The quality of the included studies determines the quality of the systematic review, which is why we conducted a review using strict quality assessment criteria in randomized clinical trial studies [15]. There was a high risk of bias and risk of uncertain bias in most studies. Another consideration in this sense is that is a lack of blindness in the participants and personnel due to the nature of the application of the intervention and the evaluator, factors that increase the chance of bias related to the included studies. Another limiting factor in the present study was the fact that we included preterm infants regardless of classification. It is known that one of the risk factors for BPD is extreme prematurity or very premature, that is, premature infants born with less than 32 weeks of gestational age. However, we chose to include all preterm infants since in the literature, RCTs that sampled only extremely preterm infants, or very preterm infants are scarce. The studies showed great variability in the protocols for the application of CPAP and HFNC, and there was also great variability in the BPD definitions. Regarding the criteria for the diagnosis of air leak syndrome and nasal injury, many studies did not present the metrics for diagnosis of the presented outcomes, which led to a higher level of observed indirect evidence, a factor that contributed to decrease the quality of the evidence. Thus, the evidence based on the included RCTs was of very low quality.
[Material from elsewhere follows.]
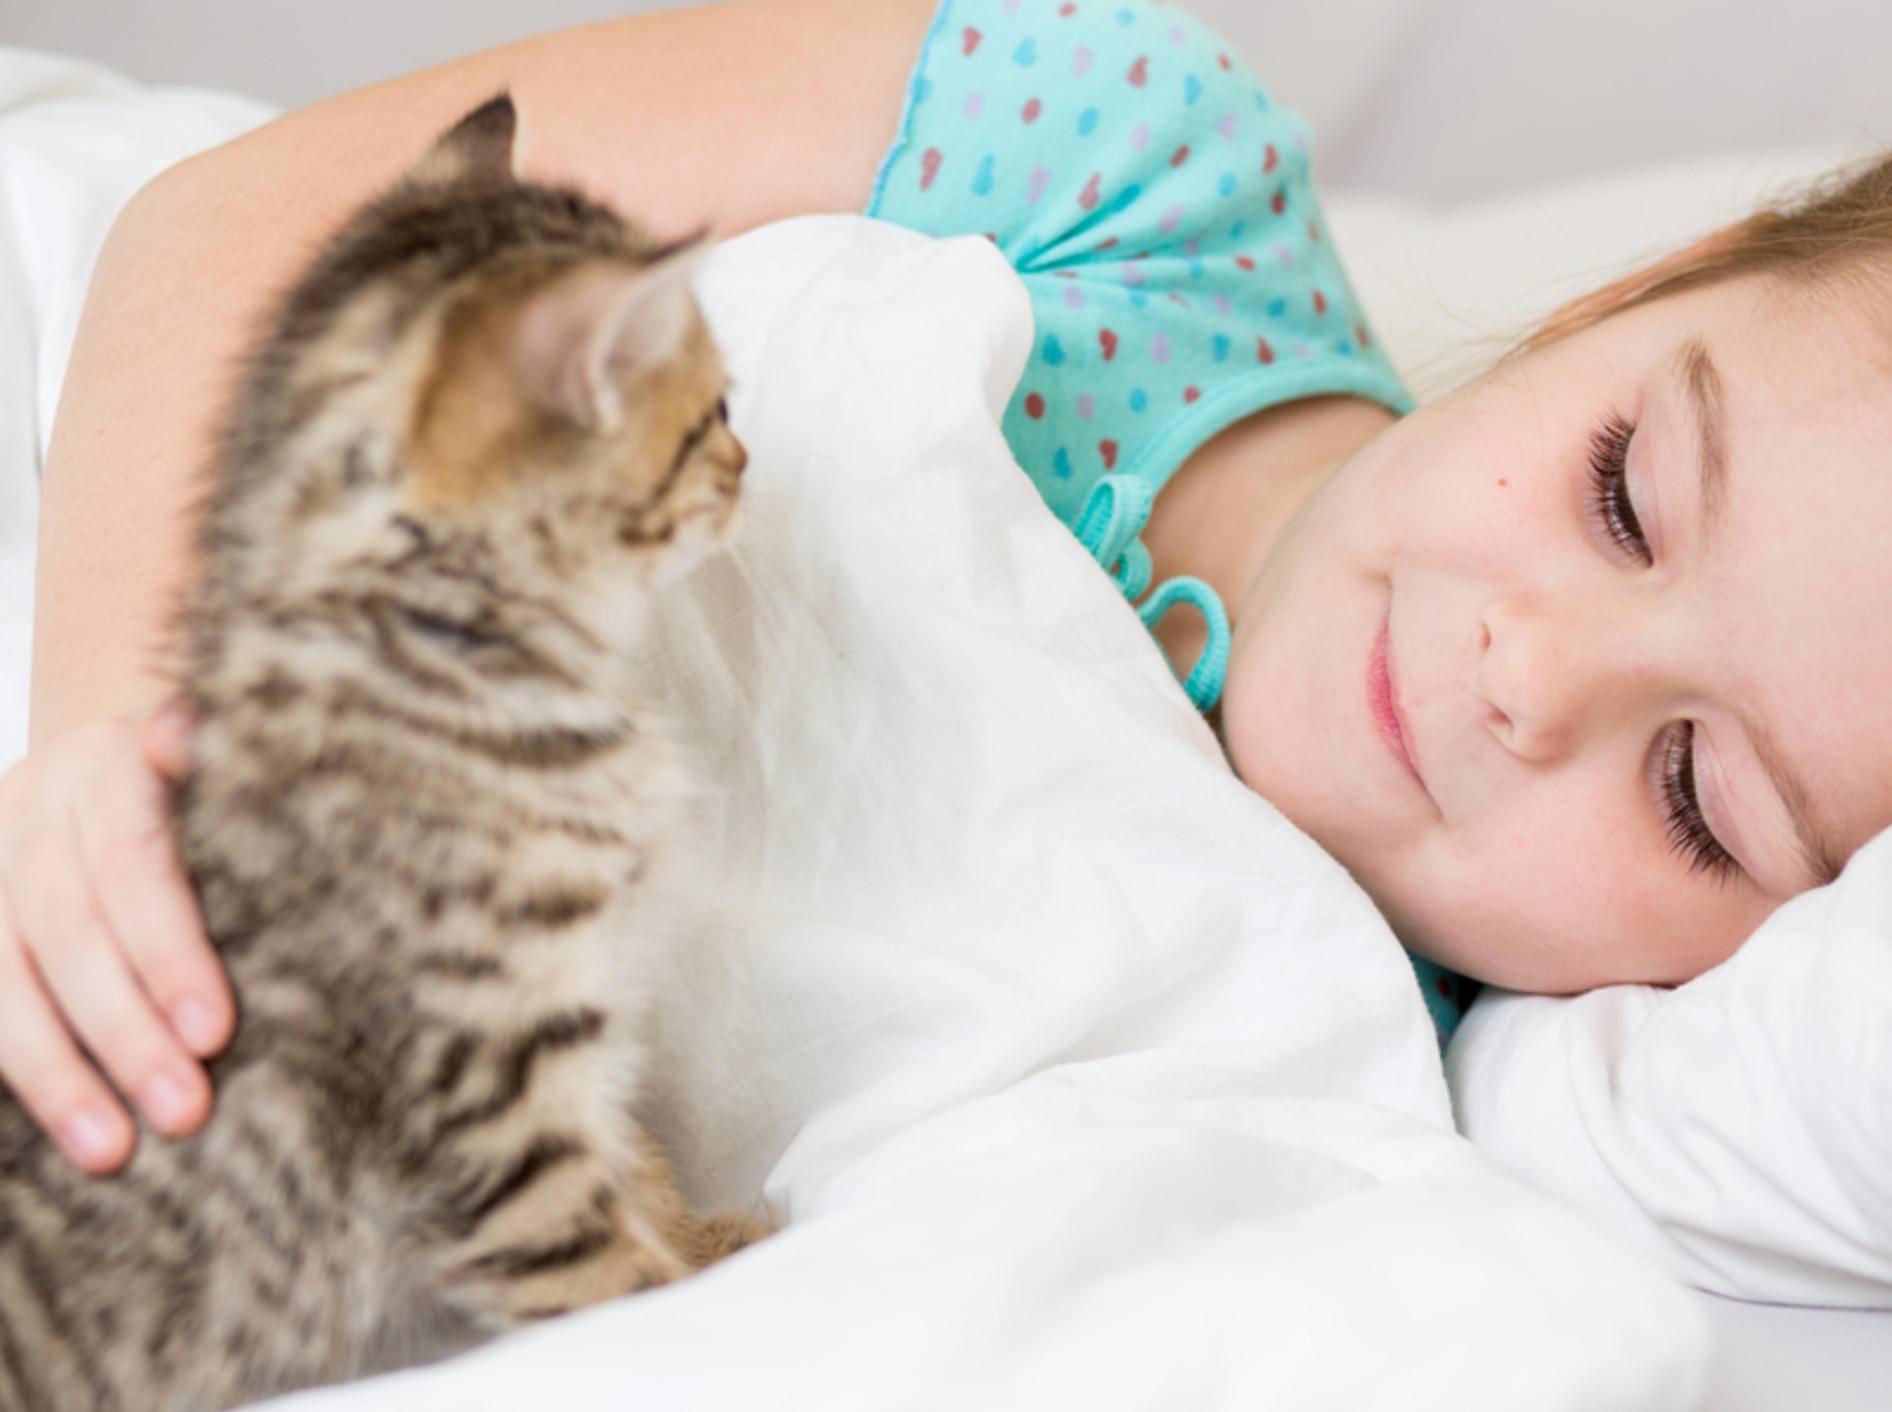 Nachts wird geschlafen: Einige Katzen müssen das noch lernen – Bild: Shutterstock / Oksana Kuzmina

According our results, the effective prevention of BPD still remains a challenge, since the results found cannot be generalized for clinical application. Therefore, the choice between non-invasive ventilation devices, HFNC or CPAP, remains a matter of clinical judgment by the team, which must analyze what outcomes it intends to use with the device of choice.

In this systematic review with meta-analysis, we highlight that the HFNC showed similar results when compared to CPAP in relation to the risk of BPD, air leak syndrome and nasal injury. In the literature, no RCT has been found with BPD as the primary outcome to support possible outcomes. It is recommended that further research should be undertaken in this field with higher methodological quality to support the expected results.